Эпоха перемен. Записки покойного Г.Г. Майера, хирурга и ясновидящего

Александр Александрович Телегин, 2008

Направление повести – фантастический реализм. Её герой Герберт Герхардович Майер становится свидетелем Великого распада. Бóльшая и счастливейшая часть его жизни проходит в Таджикистане, где он проводит уникальную операцию и становится лучшим хирургом Душанбе. Предвидя наступающие трагические события, он в 1980 году переезжает в Сибирь, где знакомится со многими необычными людьми. Здесь его застаёт эпоха перемен, и всё кругом, включая людей, становится незнакомым. Повествование охватывает события с 1940 по 2008 год: разложение советских элит, межнациональные конфликты, победу Ельцина, октябрьские события 1993 года.Обложка создана на ресурсе Canva.

Оглавление

Глава 6. Сара Абрамовна и её «политбюро»

Вечером ко мне домой зашла Сара Абрамовна:

— Что вы им наговорили, я же предупреждала вас: не показывайте, что вы диссидент. Они обрядили вас чуть не в убийцы. Кому вы напророчили скорую погибель?

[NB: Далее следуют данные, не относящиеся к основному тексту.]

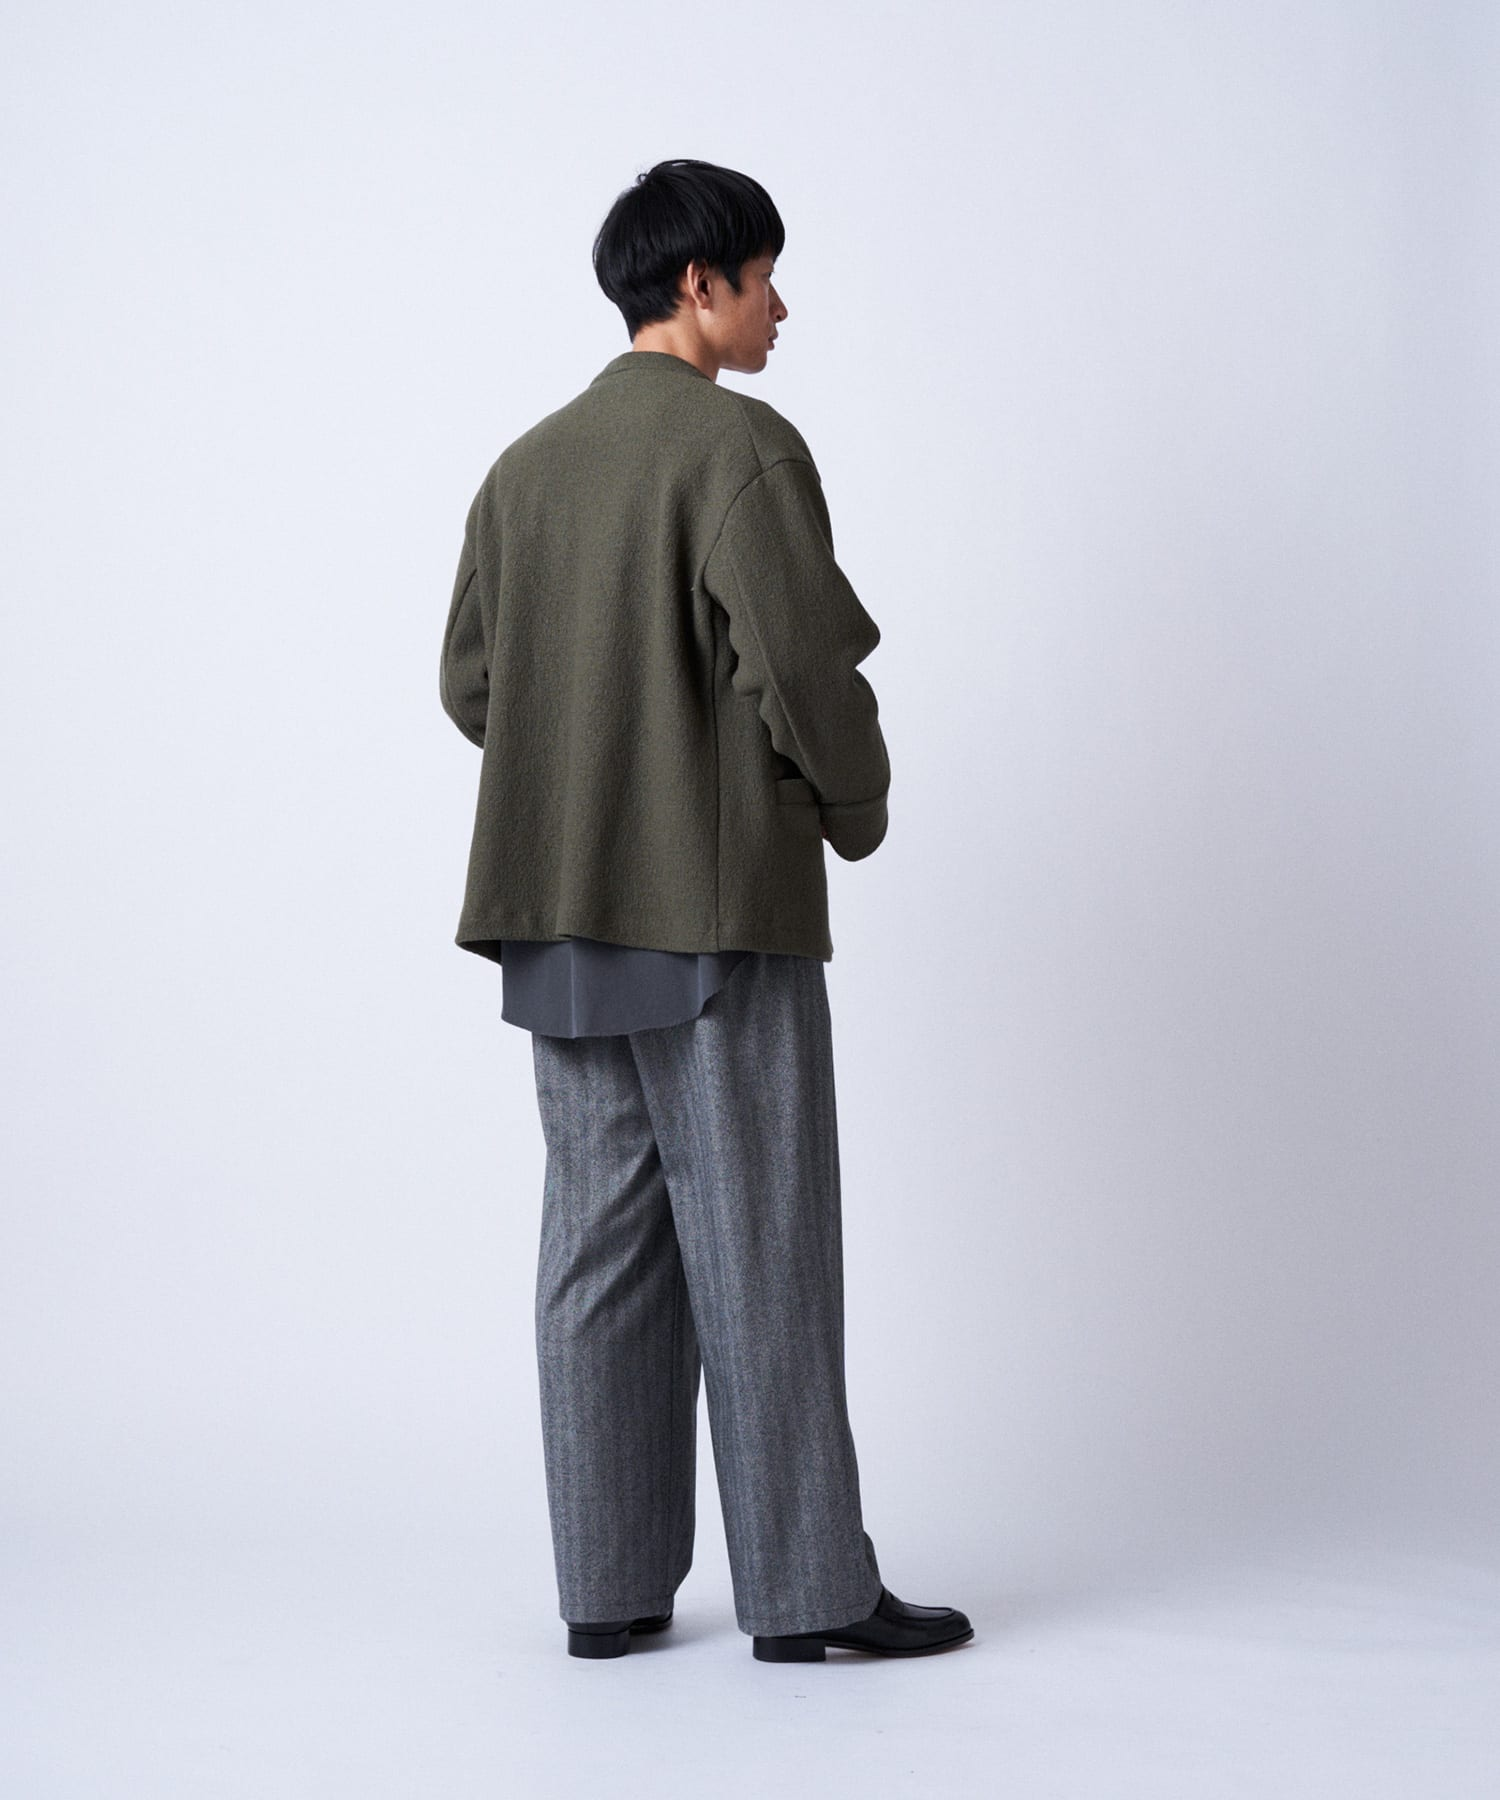 BLOOM&BRANCH(ブルームアンドブランチ) Phlannèl / mens Wool Gurkha Trousers

Пришлось кое-что пересказать неотвязчивой старухе. Рассказ мой произвёл на неё неожиданное впечатление.

— Герберт Герхардович! — возопила она в совершенном восторге, удивительно чётко и правильно произнося моё имя (Бог весть, откуда она его узнала). — Не знаю, как вы поставили этот диагноз, но, клянусь, он полностью соответствует действительности. Этот Фрукт… Вы ведь знаете выражение «Ну и Фрукт!». Оно вошло в русский язык отсюда ― из Макушина. Невозможно читать статьи этого Фрукта в районной газете, чтобы не воскликнуть: «Ну и Фрукт!». Вы знаете, его откопал в соседнем Макушинском ОПХ Владилен Лошадкин, когда его назначили первым секретарём. С ним приехал и его папаша — престарелый Потап Иванович, которого он тут же поставил заведовать торговлей.

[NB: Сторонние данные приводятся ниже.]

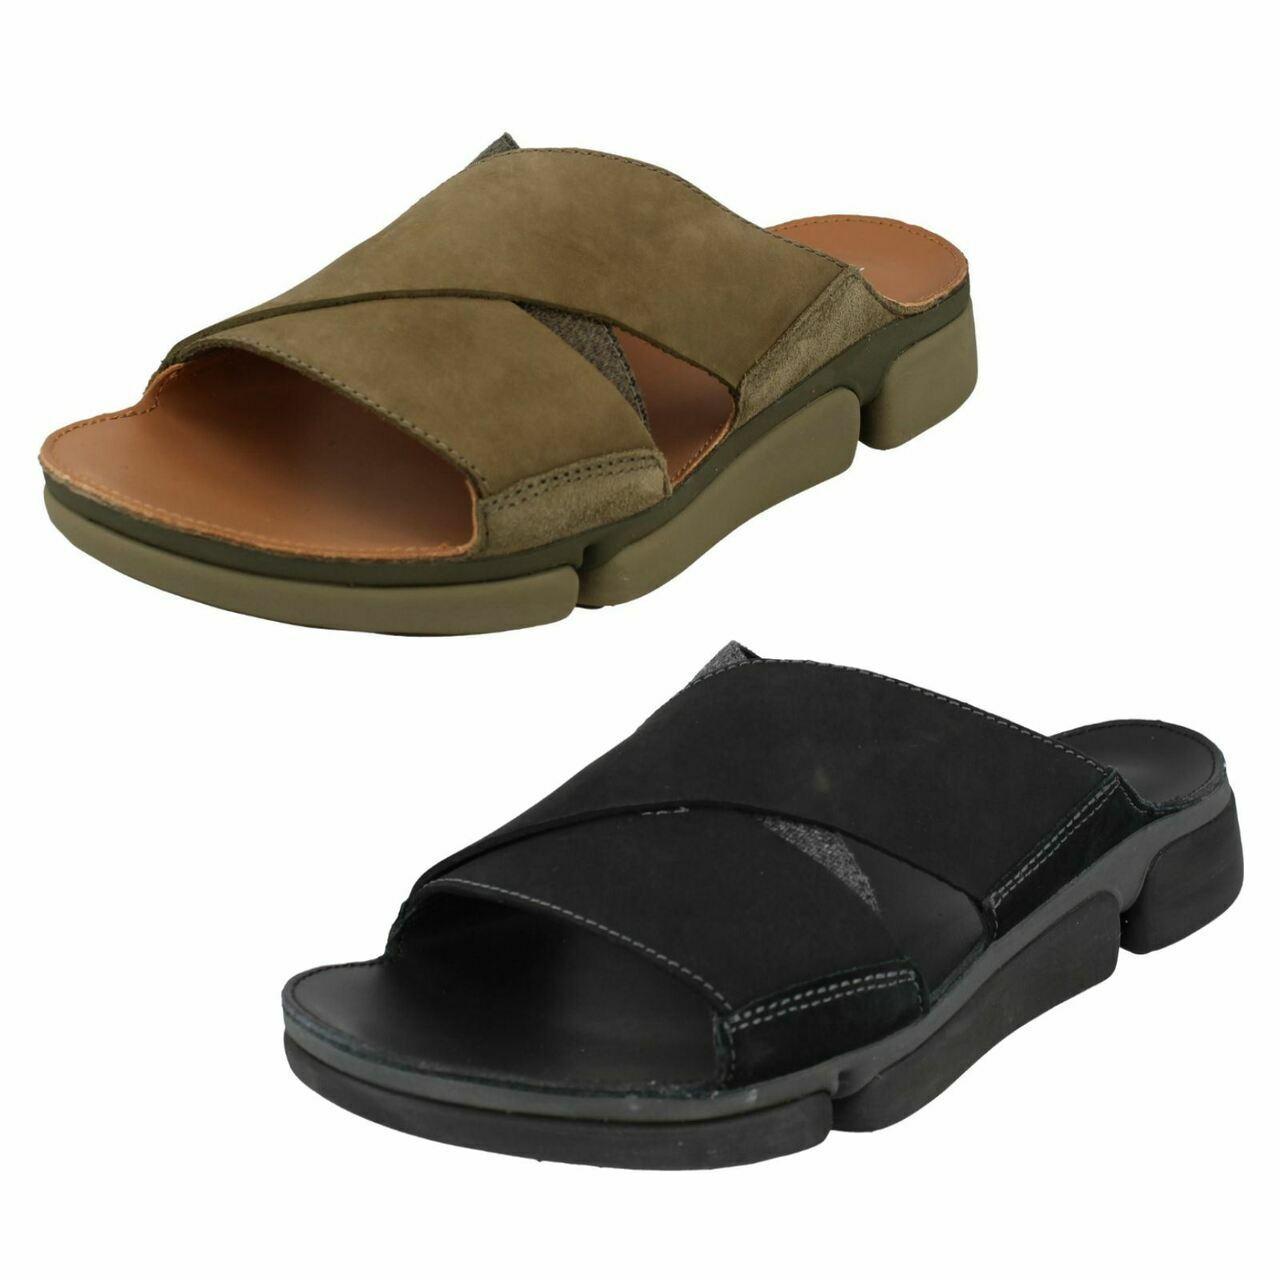 Clarks Mens Flip Flop Sandals TRI COVE CROSS Black / Olive Combination

Фрукт стал главным редактором районной газеты и пошёл писать статьи, что Потап Иванович старейший член партии, организатор Советской власти в Сибири. Старик сам в это поверил и придумал от себя, будто в декабре 1923 года он лично встречался с Лениным, тот дал ему мешок ёлочных игрушек и со словами: «Поезжай, Потап, порадуй сибирских детишек», проводил до калитки горкинской усадьбы. С тех пор старик регулярно выступает со своими воспоминаниями в школах, а Фрукт каждый год печатает эту ахинею в газете.

Сара Абрамовна разошлась. Она оседлала своего любимого конька и погнала по дороге обличительства.

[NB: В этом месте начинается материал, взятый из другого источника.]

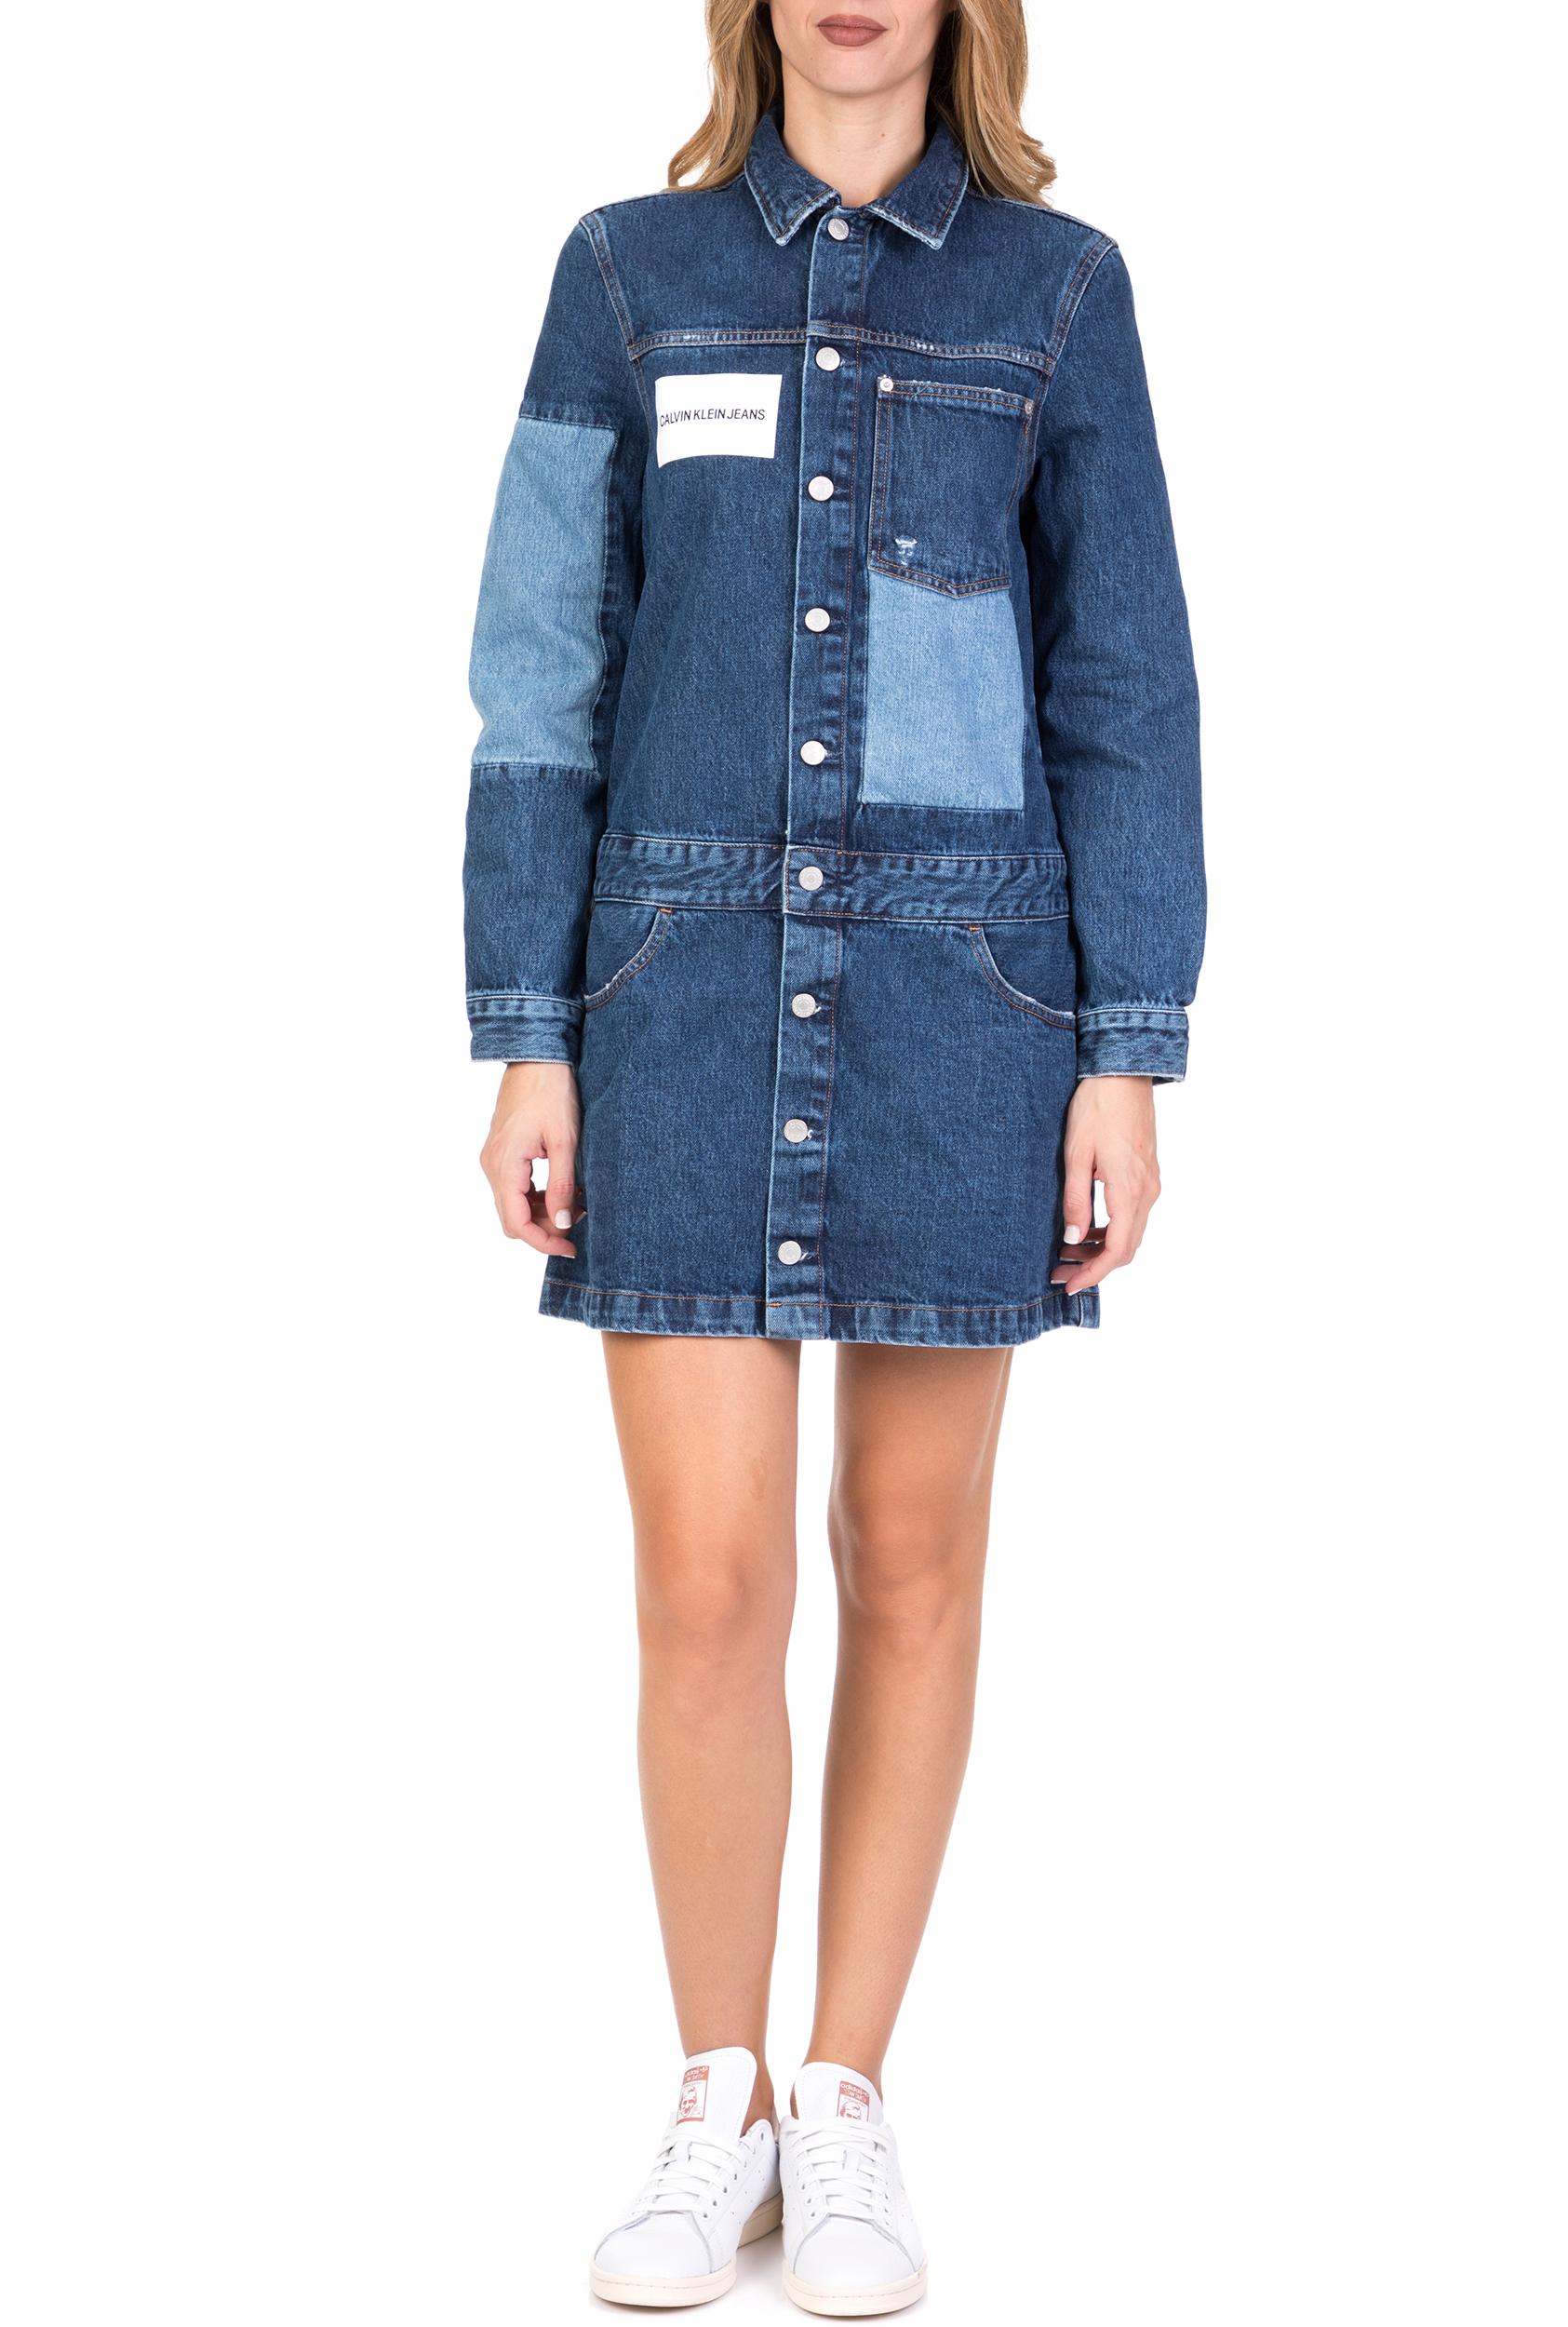 CALVIN KLEIN JEANS - Γυναικείο ντένιμ φόρεμα ONE POCKET TRUCKER μπλε γυναικεία ρούχα φόρεματα μίνι

Вскоре я узнал, что никто из жителей не называет районную газету «Макушинские зори» иначе чем «брехаловка». Прежде она называлась «Степная правда». Но однажды надо было срочно выдать номер с отчётом о пленуме райкома. Из названия выпали три буквы, и весь тираж вышел под названием «Степная вда». Понятно, газета с таким названием не имела морального права освещать такое важное событие, как пленум райкома. Тираж был уничтожен, номер перепечатали, Фрукт самолично набрал название и намазал его краской. Но и в следующем тираже значилась проклятая «Степная вда». Фрукт кинулся к наборному ящику. Литеры трёх букв исчезли из названия будто их и не было. Невозможно описать его отчаяния! Он приварил буквы сваркой ― всё нормально! Стоят как гранит! Начинают печатать — они словно испаряются. Газету печатали всю ночь, извели трёхмесячный запас бумаги, и только в шесть часов утра, наборщик по фамилии Цинцинатов (благодаря этому подвигу имя его осталось в Макушинской истории) предложил: «Давайте переименуем газету». Набрали название «Макушинские зори» ― после бессонной ночи ничего лучшего на ум не пришло. Название встало на положенном месте, будто всегда стояло. С тех пор и пошли «Макушинские зори».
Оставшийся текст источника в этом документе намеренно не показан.